# PROBLEM TO WORK ON
Copy exactly, beginning with the line holding "Knicks guard J.R. Smith suspended 5 games" and ending with the final line of the data beneath this task; copy nothing else, and leave out every picture.

# DATASET SECTION
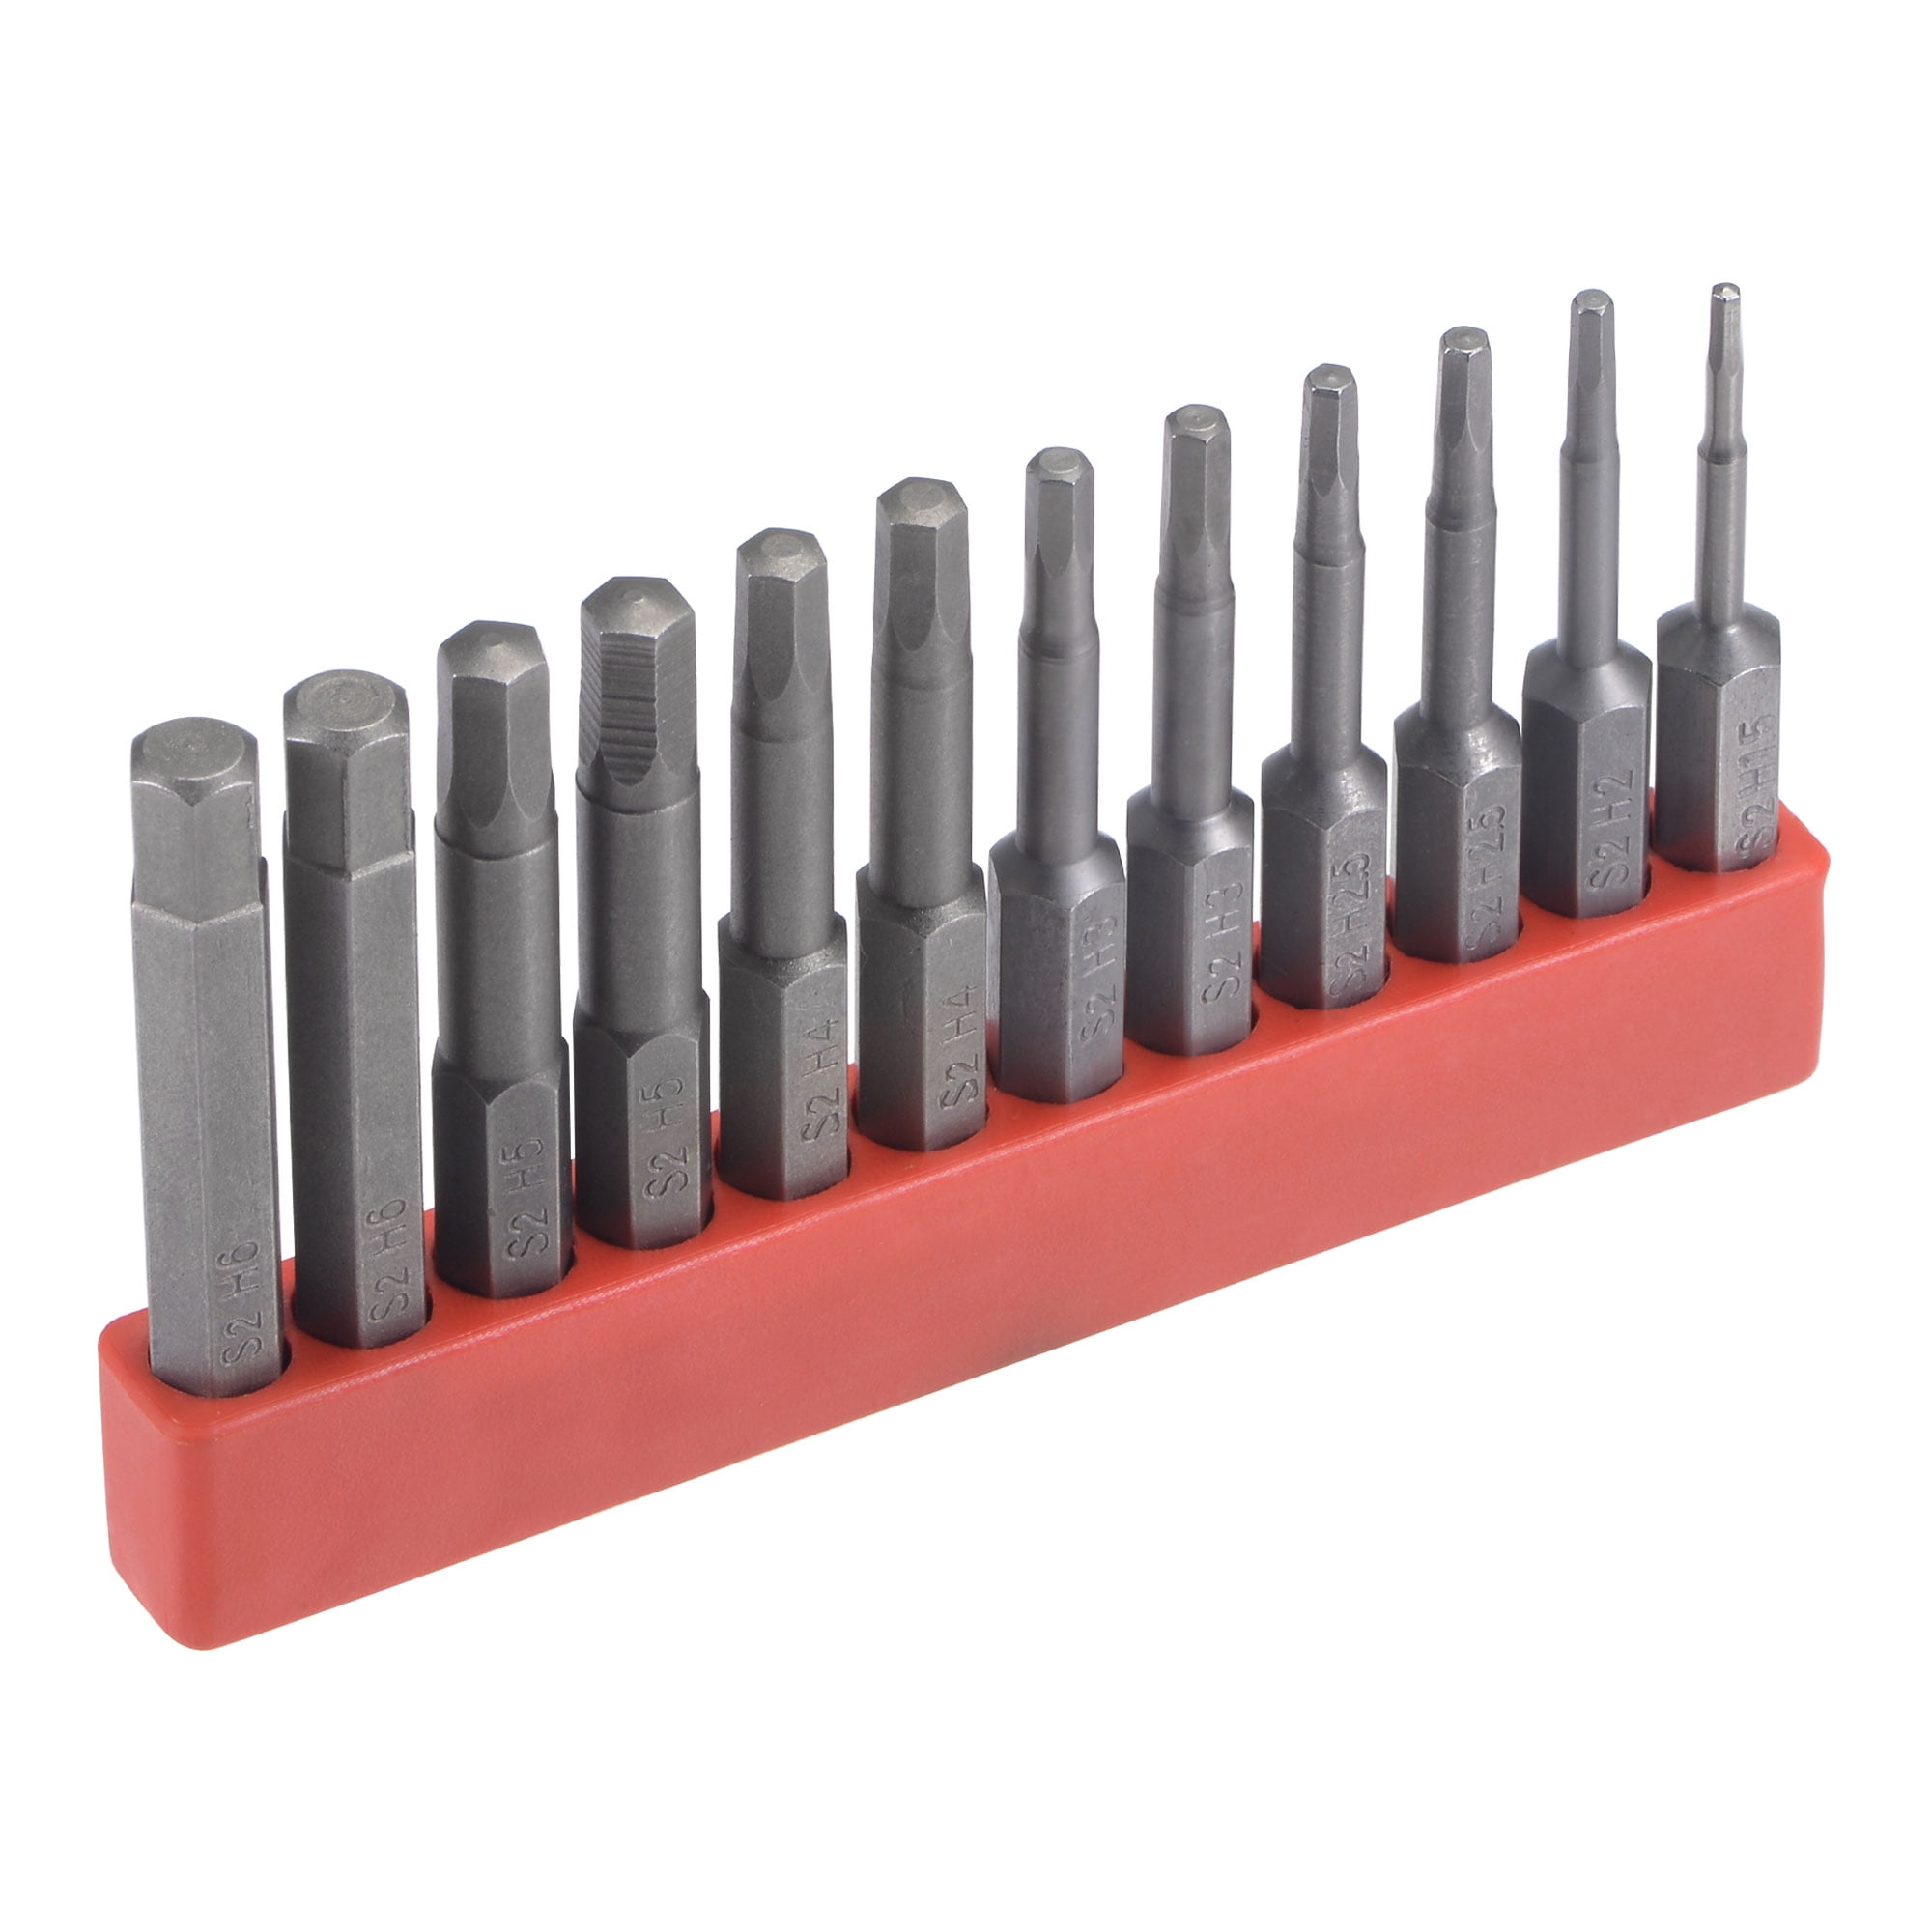 uxcell 10Pcs 1/4 Hex Shank 50mm Length Magnetic Hex Head H1.5 Screwdriver Bits S2 Alloy Steel 
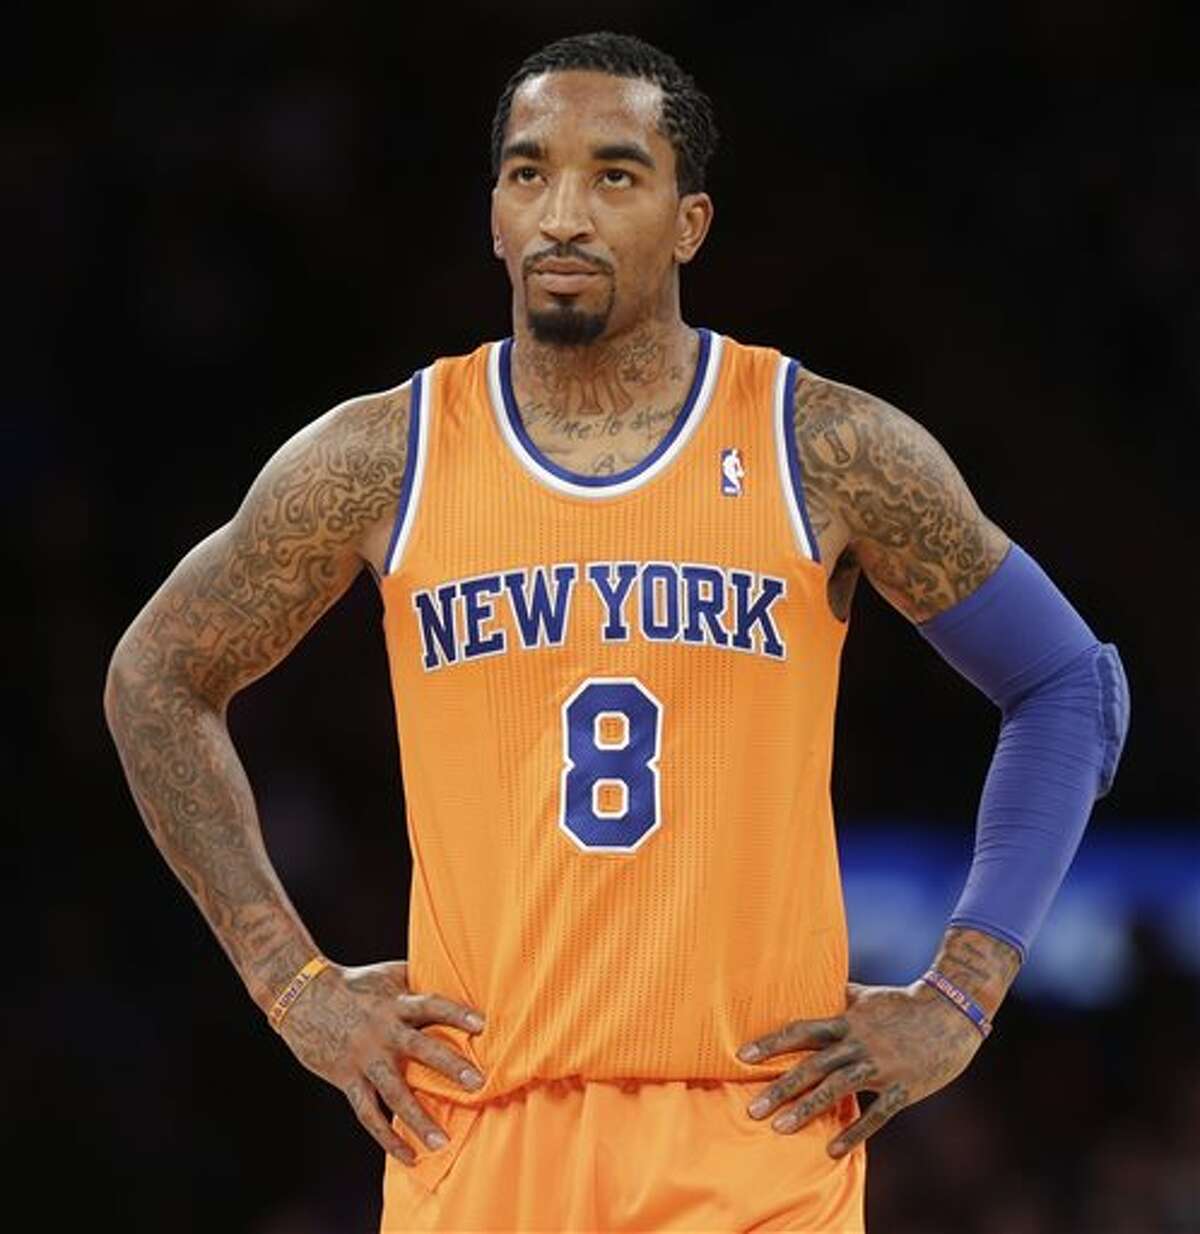 Knicks guard J.R. Smith suspended 5 games
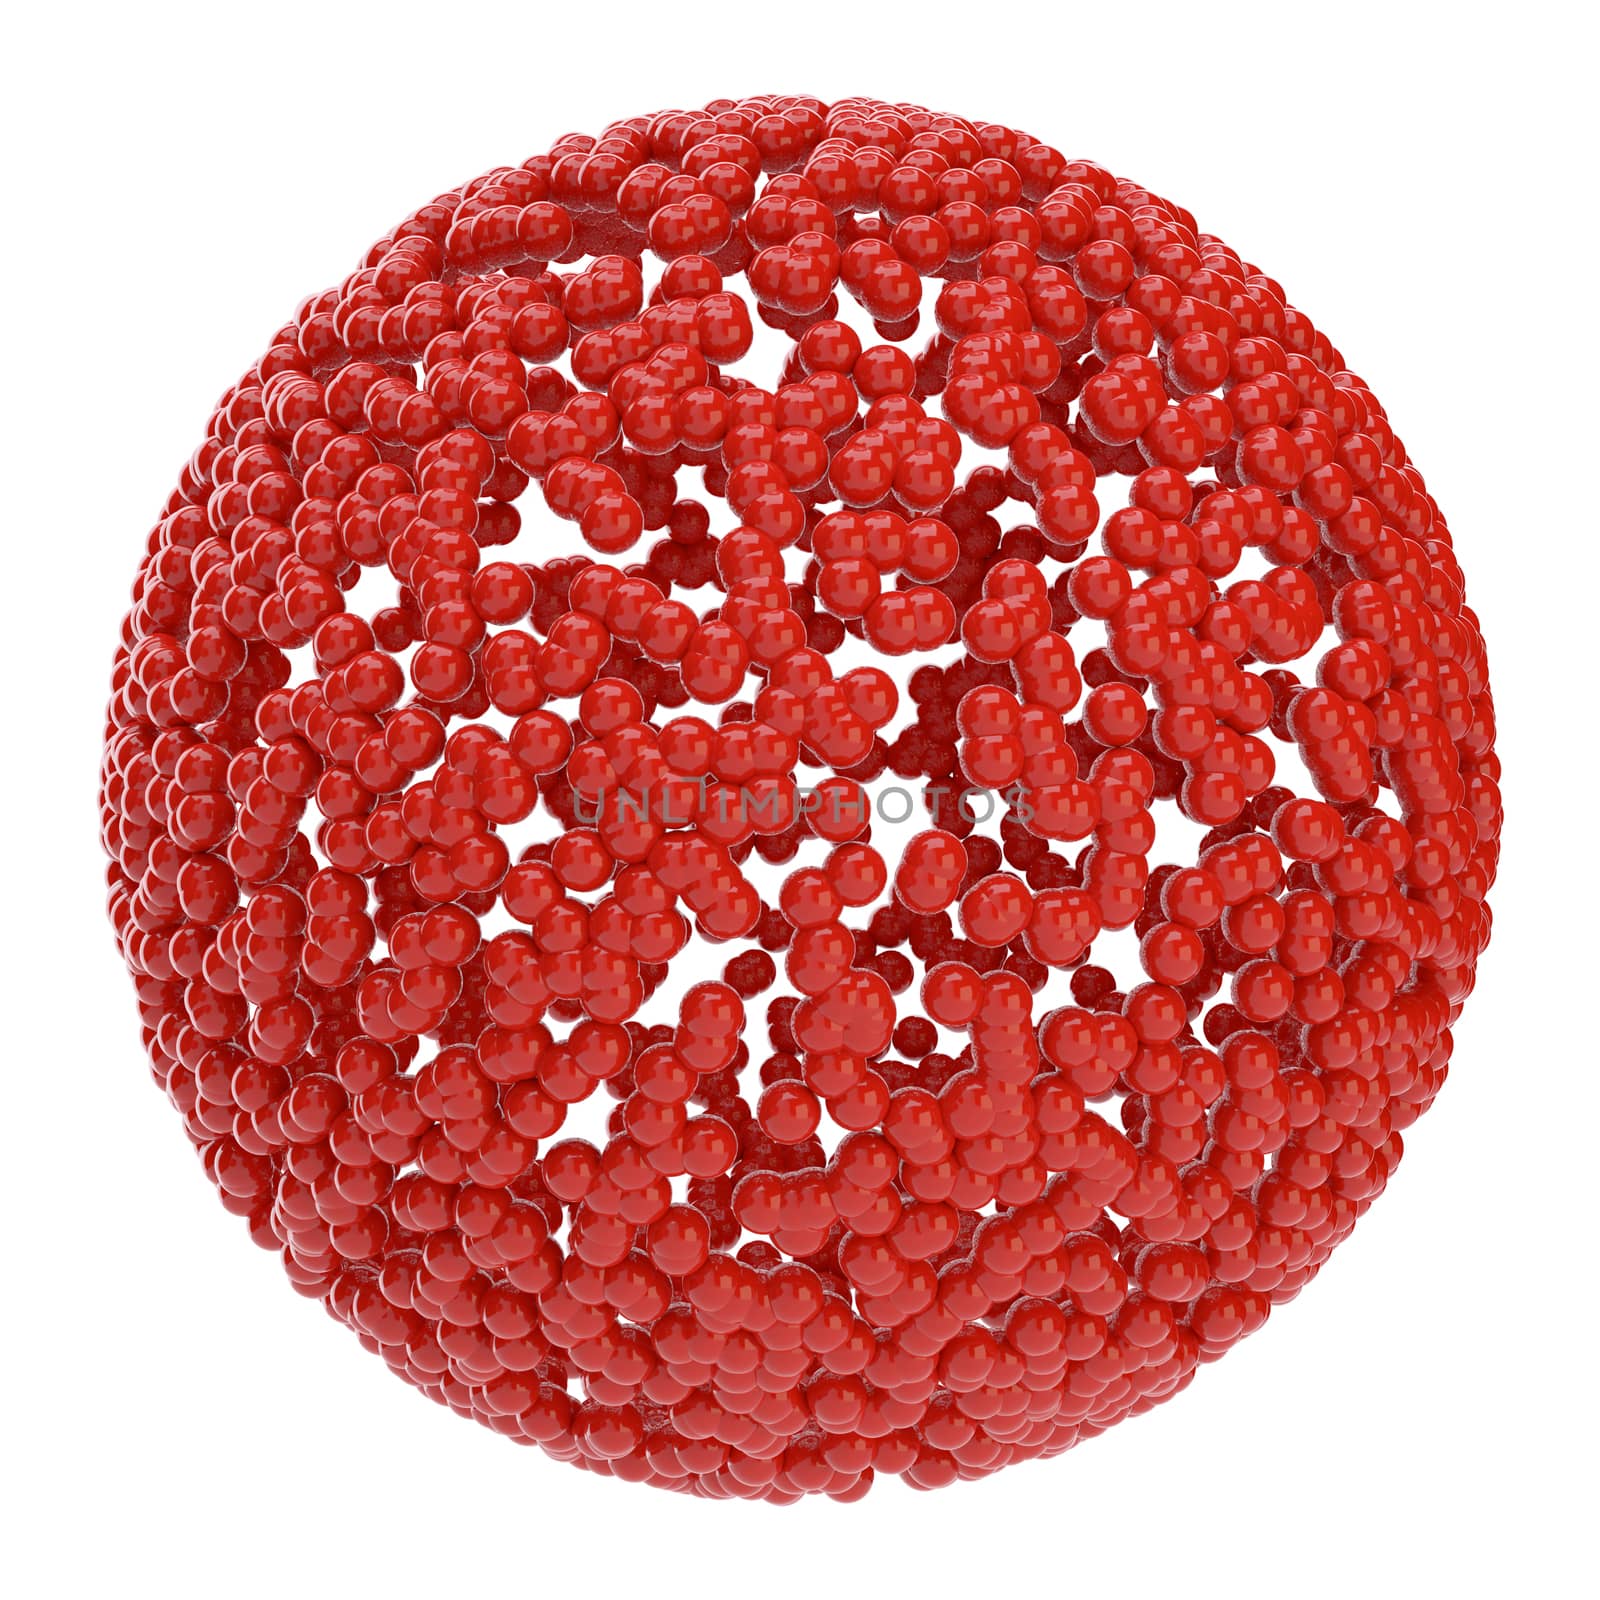 Red abstract sphere consisting of small particles by cherezoff

# ANSWER SPACE
 Knicks guard J.R. Smith suspended 5 games
 Red abstract sphere consisting of small particles by cherezoff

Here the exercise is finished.